Elderly Chinese couple critically hit by car after American Airlines diverts flight

Xinhua
An elderly Chinese couple has been hospitalized with serious head trauma after getting hit by a pick-up truck when American Airlines diverted their flight to Baltimore.
Xinhua

An elderly Chinese couple has been hospitalized with serious head trauma after getting hit by a pick-up truck when American Airlines diverted their flight to Baltimore, the US Mid-Atlantic state of Maryland, local media reported on Wednesday.

The Chinese Embassy in the United States, which was informed by local police of the incident early Saturday, has arranged helping hands for the couple who are now treated in a hospital in Baltimore and their injuries are not life threatening, according to a report by New York-based Chinese newspaper Qiao Bao.

The couple's ordeal was first reported by fellow passenger Stefani Kuo on her Facebook account on Saturday. And many netizens have left their comments criticizing the US airlines' poor service.

Kuo deleted the post the following day out of privacy concerns for the family of the injured couple, who did not want their names to be released. Yet the story has caught the attention of US media including the Washington Post, NextShark, and The Voice of Global Asians.

A fellow passenger Stefani Kuo writes the couple's ordeal on her Facebook on March 3, 2018.

The couple's nightmarish travel began on Friday, when their scheduled AA flight from Minneapolis in the midwestern US state of Minnesota to New York was diverted at the last minute to Baltimore.

Upon arrival, AA instructed all the passengers to get onto a bathroom-less bus to New York. Yet the company failed to inform all the passengers about details like where the buses were located, their travel time, and where they were going, according to Kuo's 2,500-word narration.

"Ten hours into the bus ride, we had only traveled 30 miles. Two trucks had flipped over the bridge because of winds, so all the bridges were closed. We were stuck in traffic and not moving a single inch. At this point, a passenger went up to the bus driver to ask what was going on, and we were informed, by a PASSENGER that we were turning around and going back to the BWI airport at Baltimore, MD," wrote Kuo, who got to know the Chinese couple speaking no English.

The bus eventually made a stop at a McDonald's parking lot where the couple, who was to visit their son in New York, got off for food and were struck by an oncoming vehicle.

"When I ran back to the bus, I was in hysterics. I was crying and blurted out the news. The bus was confused, the bus driver was shocked. But then we left. No one contacted American Airlines. The bus just picked up and drove away, back to the BWI airport. I called the hospitals in Baltimore. I finally got in contact with Bayview hospital where I tracked the couple down," Kuo recounted.

"When we got off, their checked baggage was just left on the sidewalk. No one took care of it, so I did. I took all of their belongings along with mine and went into the airport where I tried for 15 minutes to tell someone, 'two of your passengers were run over by a truck,'" she said.

"I was told I would be given a ride to the hospital but would have no way back. I was told they had an interpreter at the hospital present. I was told to take a train instead of a flight out," she added.
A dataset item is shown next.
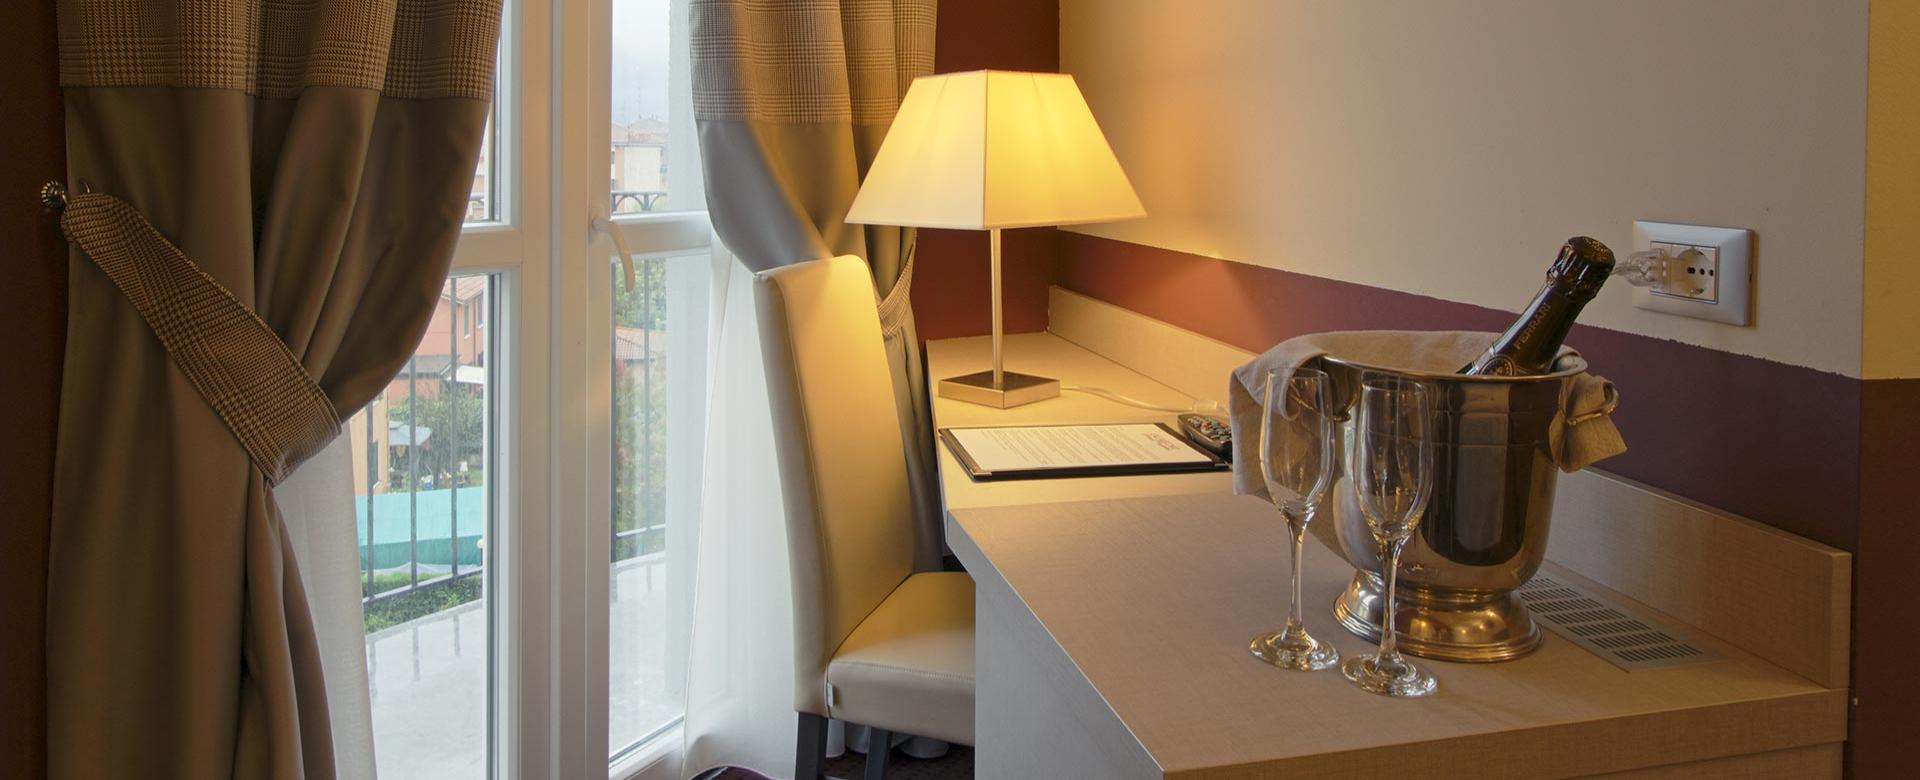 hotelcalzavecchio en rooms 006

Finally Kuo located the couple in the hospital. The husband and wife were put in separate rooms in the Emergency Room unit. There was no interpreter present in the room, and no one was helping the couple either.

The husband, who kept asking where his wife was, had not been informed about his condition or even his wife's. The hospital did not even identify them.

Kuo spent 40 minutes helping the doctors by translating for the husband, telling them where the pain was located as well as the details of their injuries.

"The husband had suffered severe fractures to his spine and neck and the wife had been hit straight in the head and was unconscious. She was going to need eye surgery among other procedures," said Kuo.

"I left them their belongings, left my phone number as the primary contact, and told them to call me if they needed any help with translation or anything. American Airlines had not contacted them or sent anyone," she added.

Kuo left the hospital at around 4:00am local time (GMT 0900) on Saturday. She gave her information to the couple's son after they spoke on the phone.

"American Airlines had told them nothing and had not even attempted to locate them. Why would they have? They had no idea where their passengers were," said Kuo.

Kuo got back home in New York on Saturday afternoon. She had been in direct contact with the Bayview hospital and the couple's son for the 24 hours after the accident. At the time, American Airlines still failed to show any signs of concern by contacting either her or the couple.